The research into kidney disease in agricultural workers in the tropics was part of a Pufendorf project from 2014, "Heat". The project gathered researchers specialising in fields such as climate modelling, water research, occupational medicine, risk management, design sciences and social sciences. The goal was to find new ways to manage the effects of increasing temperatures, as heat stress affects humans, animals and the entire ecosystem.

Several case studies were conducted within the framework of the project. They studied brick workers in India, nomads in the Himalayas, air conditioning in Hanoi and urban planning in Istanbul and Skåne. Several of the participating groups continued to work with heat issues even after the Pufendorf project ended.

EU project on working in heat

How are people who work in construction, agriculture, transport, factories and the tourism sector in Europe to deal with an increasingly warm climate? It is both a question of protecting people’s health and ensuring that productivity drops as little as possible, even when work is being done in a heatwave.

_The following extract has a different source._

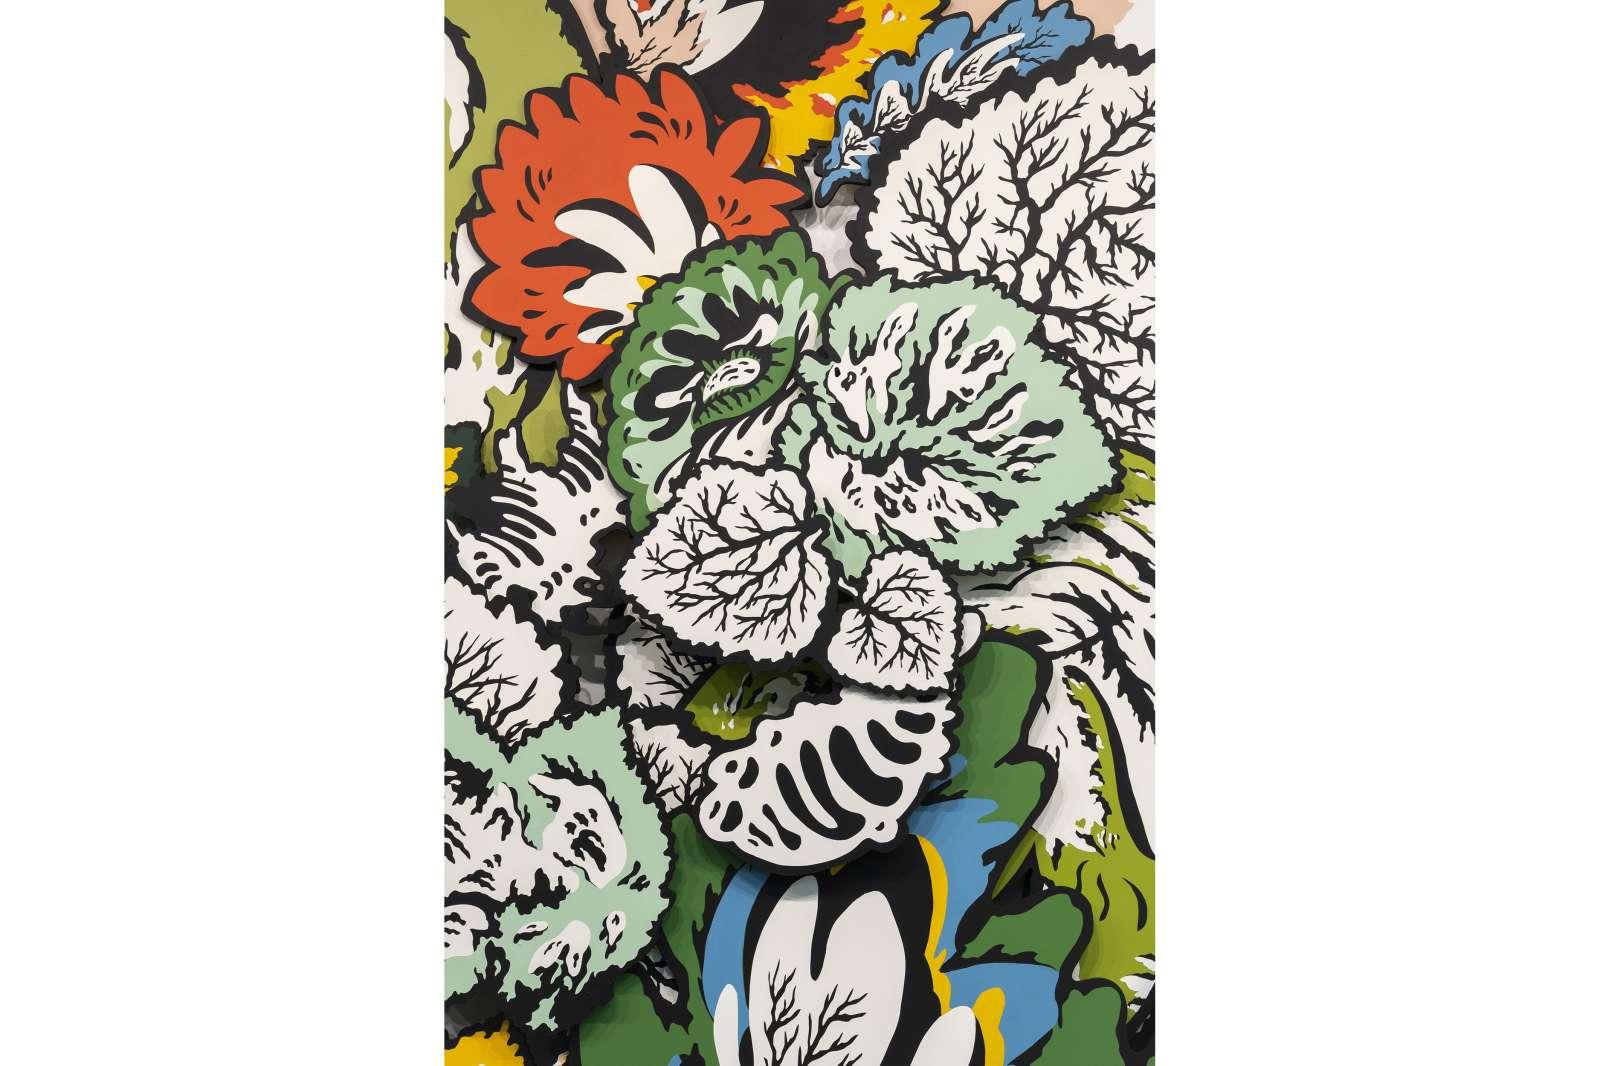 Natasha Bowdoin, Power Flower, 2021

Another research project with its roots in the Pufendorf HEAT collaboration deals with this. It is the Horizon 2020 project Heat Shield, in which LU’s representative is senior lecturer and associate professor at the Department of Design Sciences Chuansi Gao. He belongs to the Thermic Environment group, which researches how heat and cold affect the human body. The EU project mainly deals with studying cold and protective clothing for agricultural workers.

Chuansi Gao is also to lead an EU collaboration project with partners from three EU countries. This will involve developing a "climate app" which combines weather alerts with information on the heat balance in the human body, and proposes suitable measures to manage heat and cold. The app is to be adapted to the user so that the advice is different depending on factors such as the work environment, the physical strain of the work, clothing, age and health.